The Nature of Consciousness
Piero Scaruffi(Copyright © 2013 Piero Scaruffi | Legal restrictions )
These are excerpts and elaborations from my book "The Nature of Consciousness"
What are brains for? Why a rock or a plant can be what it is without a brain, while an animal cannot exist without a brain? What is the unique feature that a brain enables?
One property of living beings is striking. Plants, which do not move, do not have brains. They too grow and they too need to coordinate their growth, but they don't seem to need a brain to do so. Mammals and birds appear to have the most sophisticated ability to move. Mammals and birds also have the most sophisticated brains. The brains of snakes, frogs and fish appear to be simpler, and it turns out that these creatures do not move in as creative a way as mammals and birds. Invertebrates have even simpler brains and their movements are even more basic. Birds and mammals can move very long distances, over huge territories, dealing with a broad spectrum of ecological changes, even crossing oceans and continents, and they can move in a virtually endless variety of ways. Other animals seem to be more limited both in distance and in the degrees of freedom of their movements.

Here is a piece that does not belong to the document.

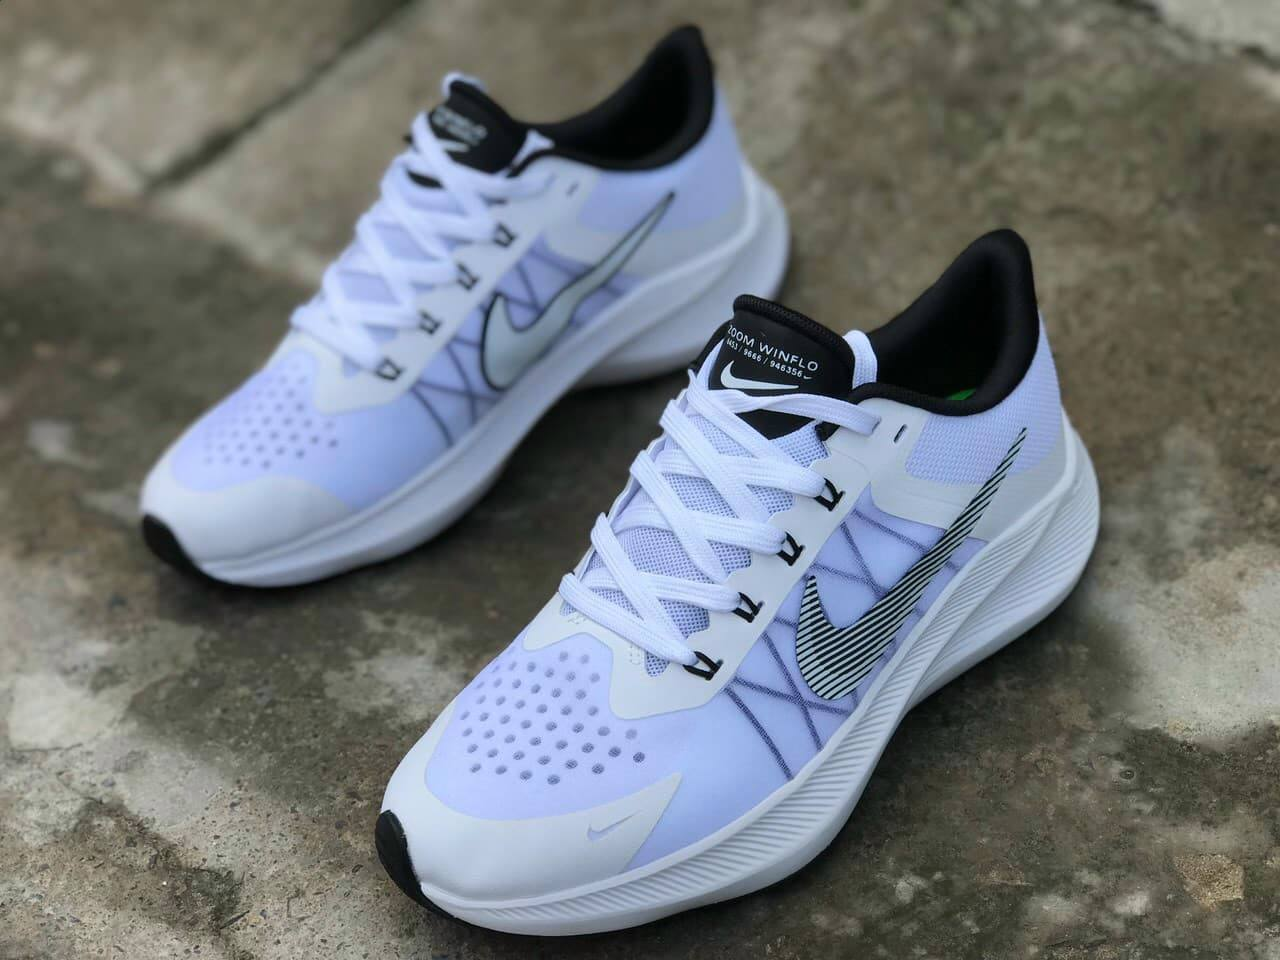 Nike Zoom Winflo 8 White

Another property of living beings stands out.
The biggest brain (about 10 kg) belongs to the sperm whale. The record for brain size compared with body mass belongs to the squirrel monkey (5% of the body weight, versus 2% for humans). Some birds too have a higher "brain percentage" than ours (the sparrow is a close second to the squirrel monkey). Two rules seem to tell something about the reasons for larger brains: 1. Bodies of warm-blooded animals consume ten times more energy so brains can be ten times bigger. 2. Species that live in large social groups have the largest brains (the squirrel monkey lives in bands of hundreds of individuals).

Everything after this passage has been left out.